Jonah has a typological element in it. We know this because Jesus pointed to Jonah being in the fish’s belly and then being delivered from it as the sign of His resurrection. Jonah’s experience was a picture or foreshadowing of the resurrection of Jesus.
It seems to me that there may be a typological use of Jonah’s being cast into the sea as well. If not a type in the theologically technical sense, it is at least a good biblical illustration of Christ’s death as a substitutionary sacrifice.
There are interesting parallels between Jesus and Jonah. For example, Jonah is asleep in the boat with the mariners. When the storm comes upon them, he is unaware and has to be awakened by the seaman.

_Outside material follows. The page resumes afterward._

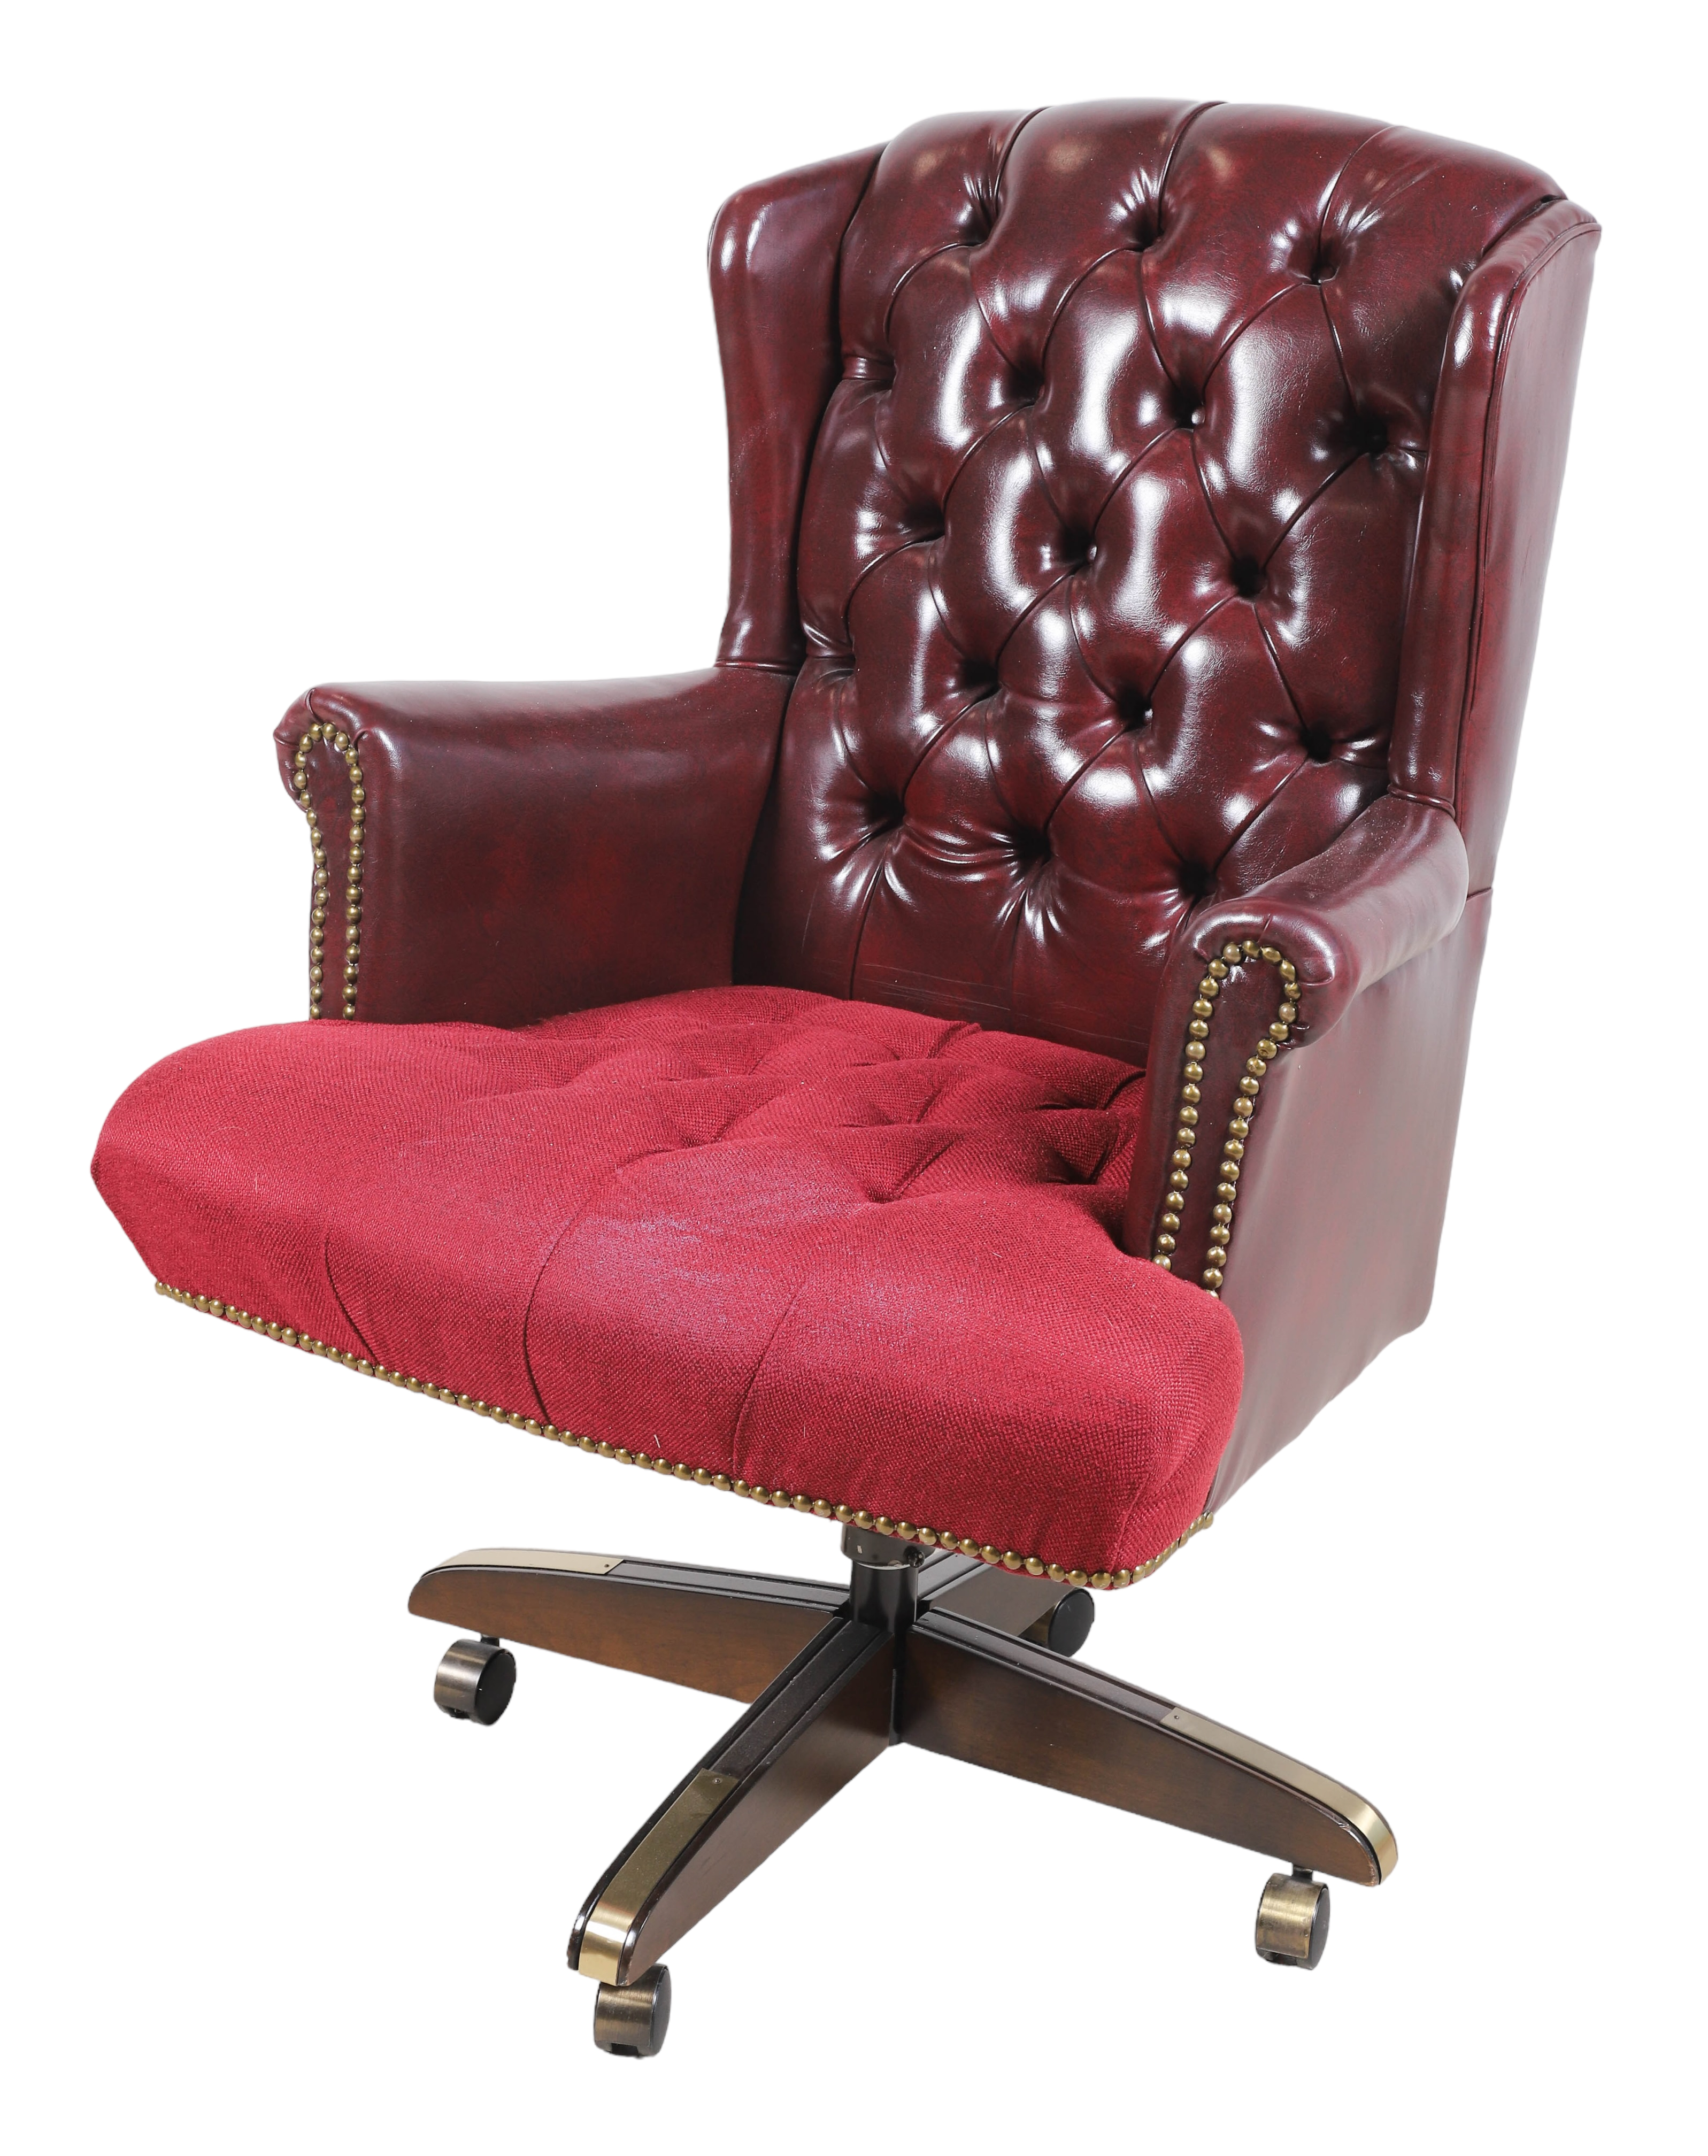 Contemporary leather office chair,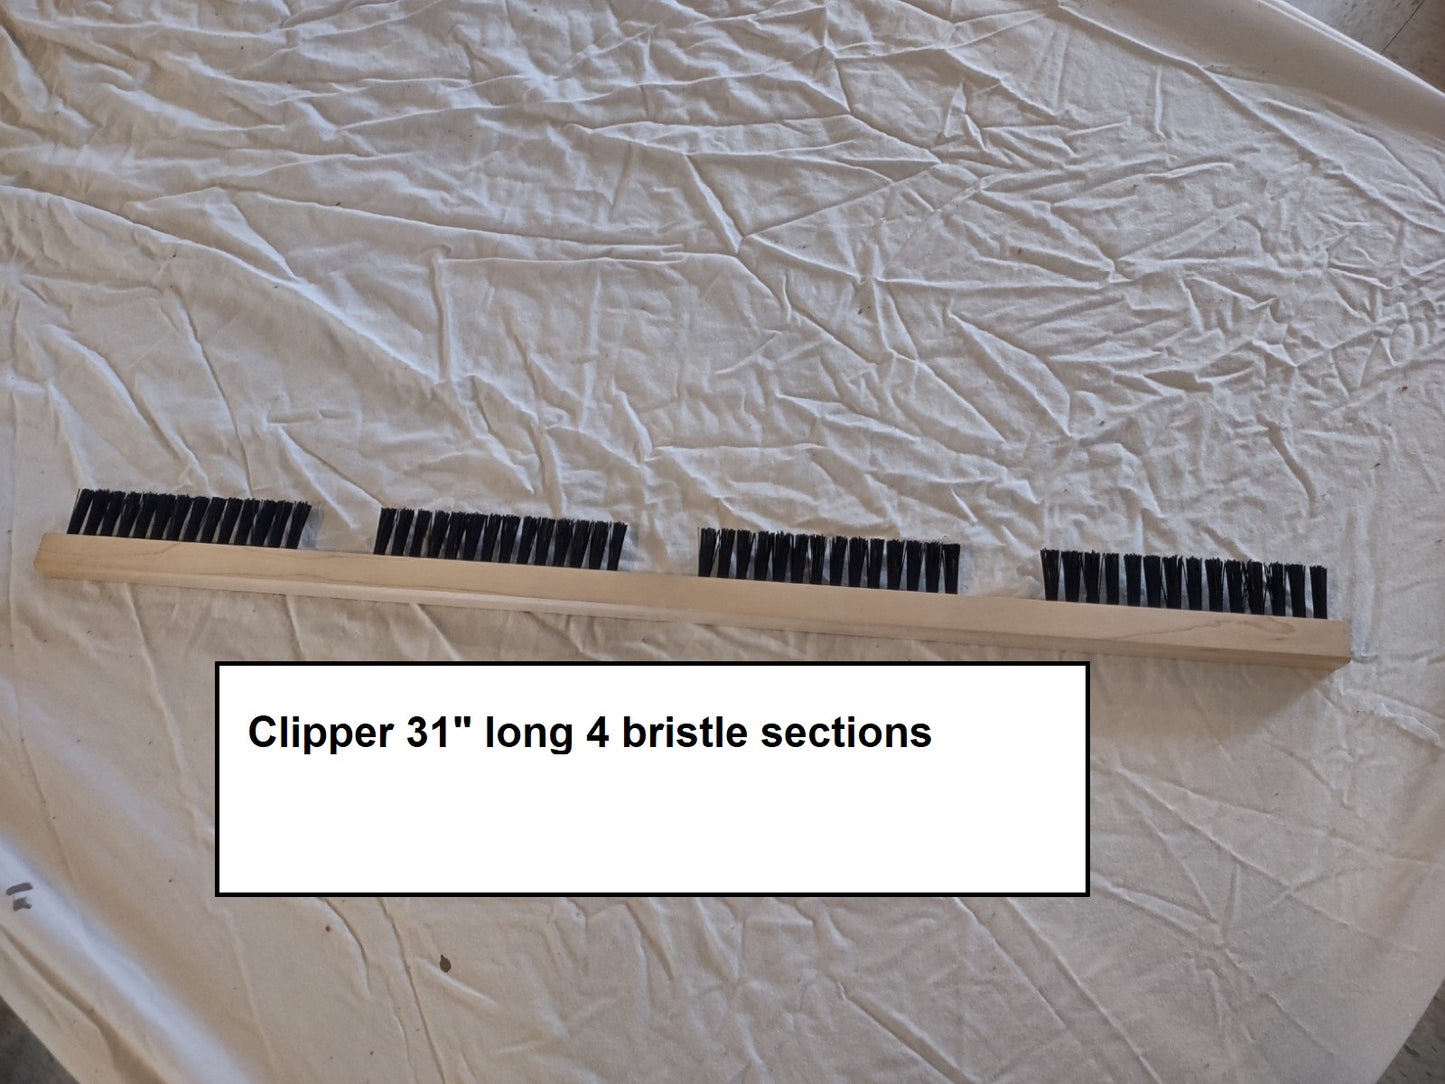 Clipper Screen Cleaning Brushes

Jesus was in a boat with his disciples. When the storm came he was still asleep and had to be awakened by the disciples.
When it comes to verse 15, it is interesting that Jonah doesn’t throw himself overboard. The mariners pick him up and hurl him into the sea. The mariners, by the way, are gentiles. Jonah is a Jew. The sea is stirred up and threatening the lives of these men, not as a mere natural occurrence, this is the wrath of God coming upon them. And it is Jonah being thrown into that wrath to die that quiets the storm and saves the lives of the other men on the boat.
This is a wonderful type of illustration of what Christ has done. He was lifted up by the Gentiles and given over to die at their hands. When they cast Him into the sea of God’s wrath on the Cross, the storm of God’s wrath against man was stilled. Jesus became the substitute for us.
The sea of wrath has ceased its raging because Jesus let it all fall on Him in our stead.